START Data to process

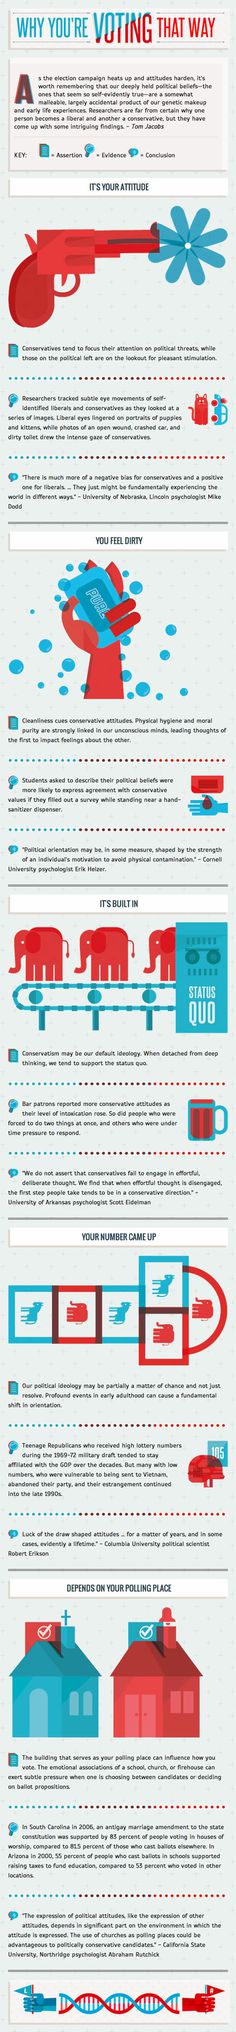 why you're voting that way #politics #infographic
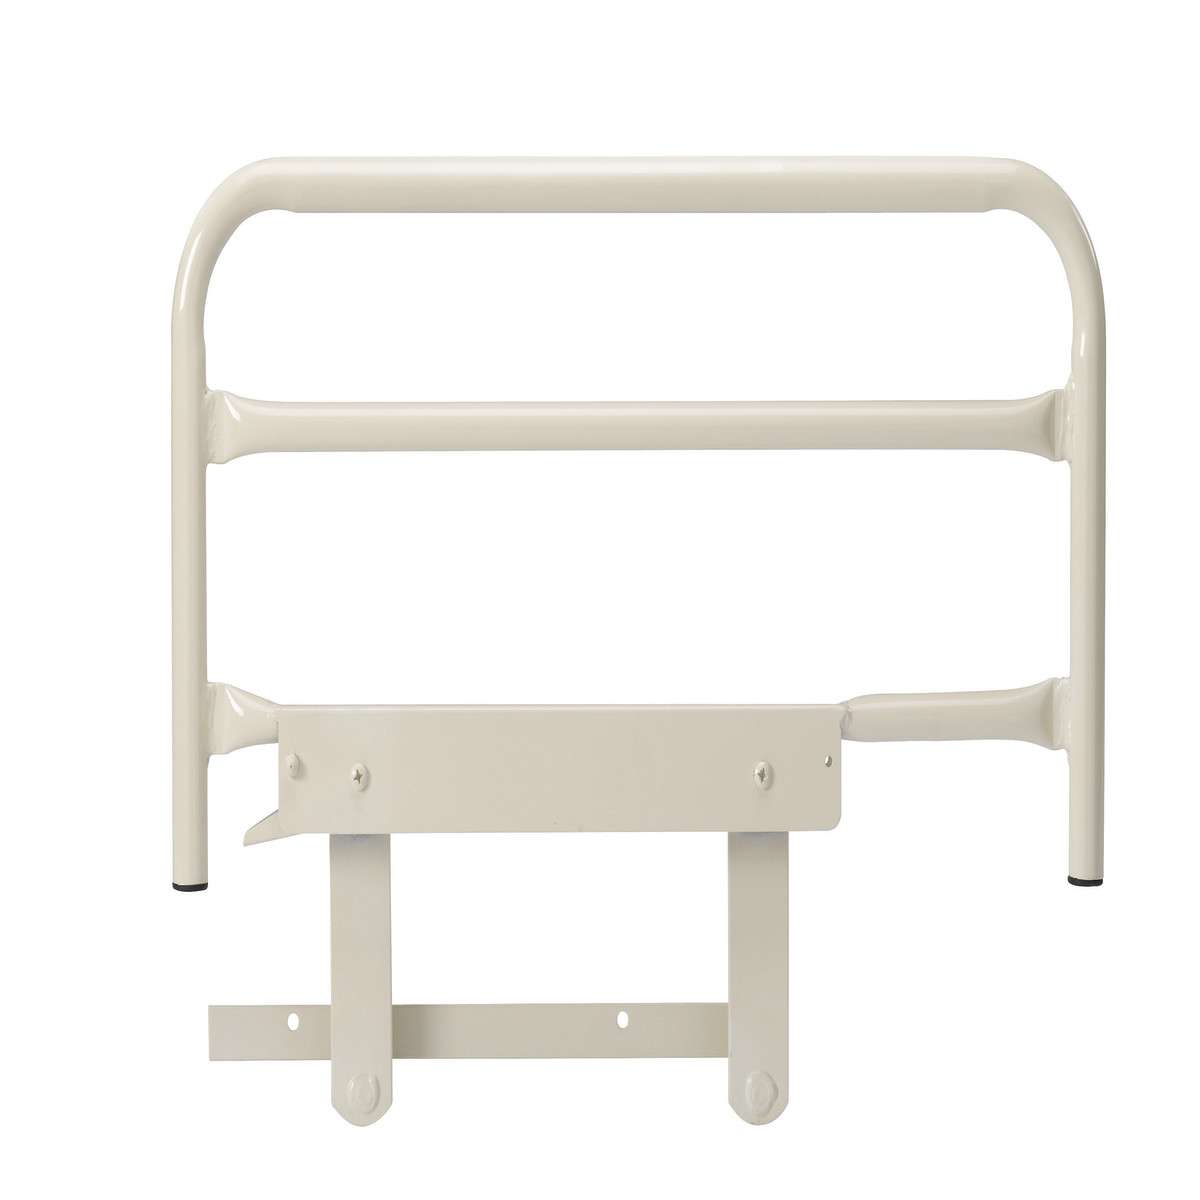 Invacare 1/4 Length Positioning Rail
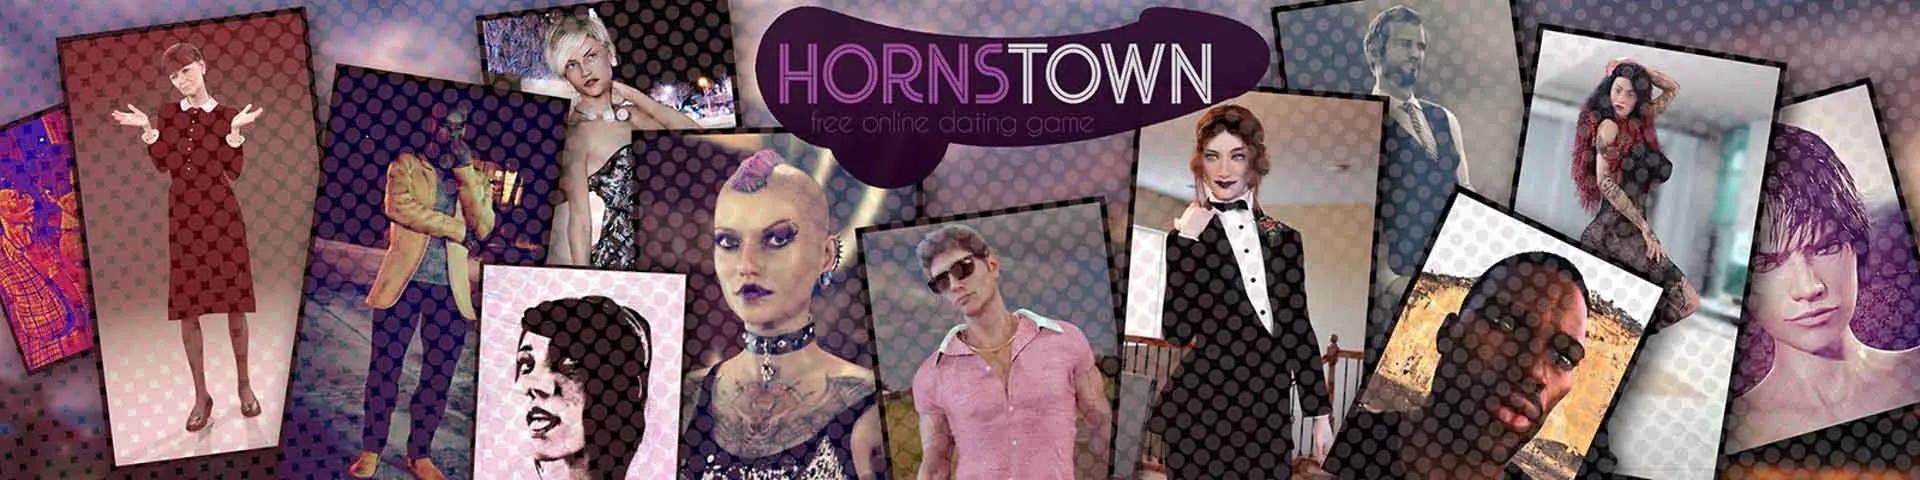 Hard Times in Hornstown 3d sex game, porn game, adult game
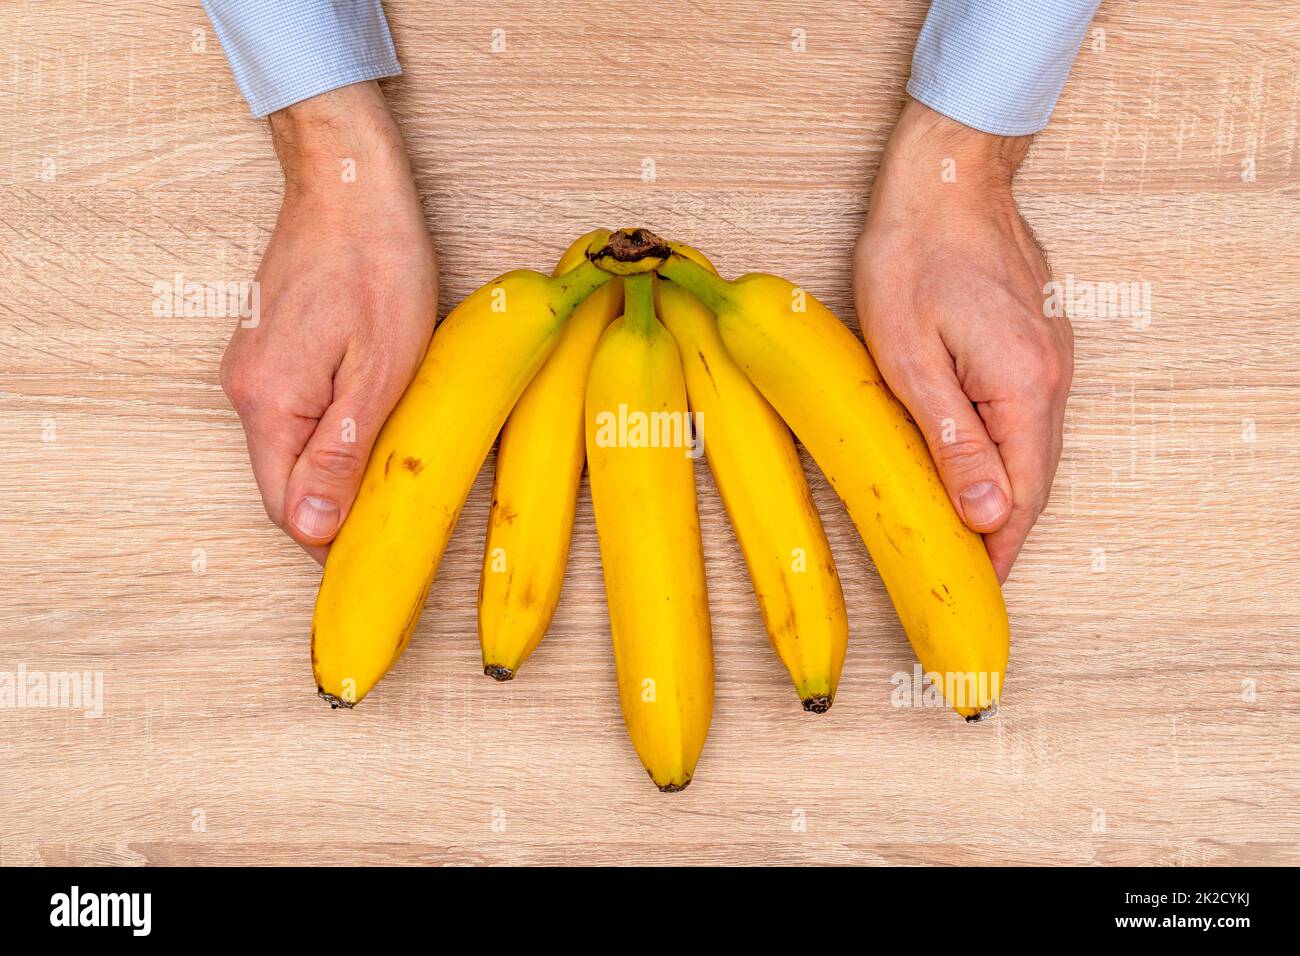 Hands Holds Bunch Of Fresh  Banana On The Table Background Stock Photo
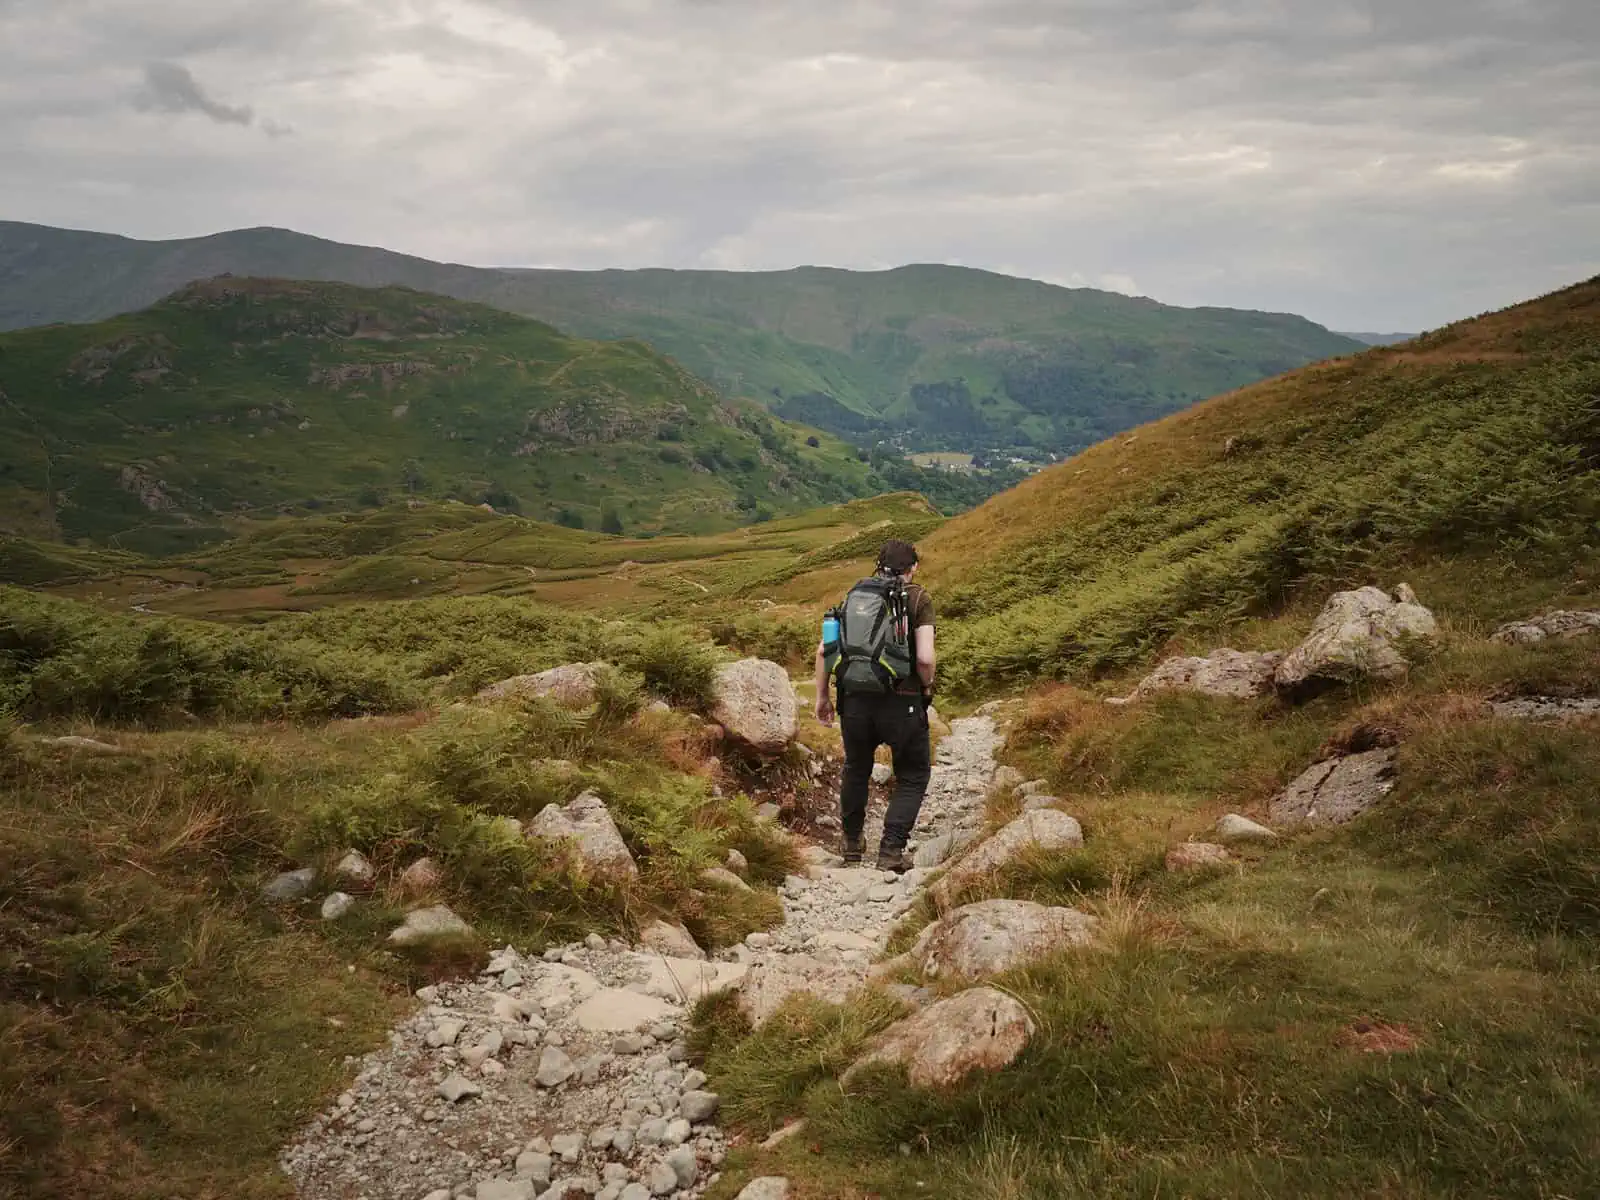 ID: A landscape image. Matt is hiking down a narrow path on a mountain and is centre frame. He is wearing grey trousers, purple top and a grey and green backpack. He is pictured from behind. In the background are more soft mountains with greens and browns from vegetation. The sky is a little overcast.

END Data to process

- How to complete this task
Copying starts at the line containing "Hard Times in" and ends at the last line of the material above; repeat only those lines exactly and omit the pictures.

- Result below
 Hard Times in Hornstown 3d sex game, porn game, adult game
 Hands Holds Bunch Of Fresh  Banana On The Table Background Stock Photo
 ID: A landscape image. Matt is hiking down a narrow path on a mountain and is centre frame. He is wearing grey trousers, purple top and a grey and green backpack. He is pictured from behind. In the background are more soft mountains with greens and browns from vegetation. The sky is a little overcast.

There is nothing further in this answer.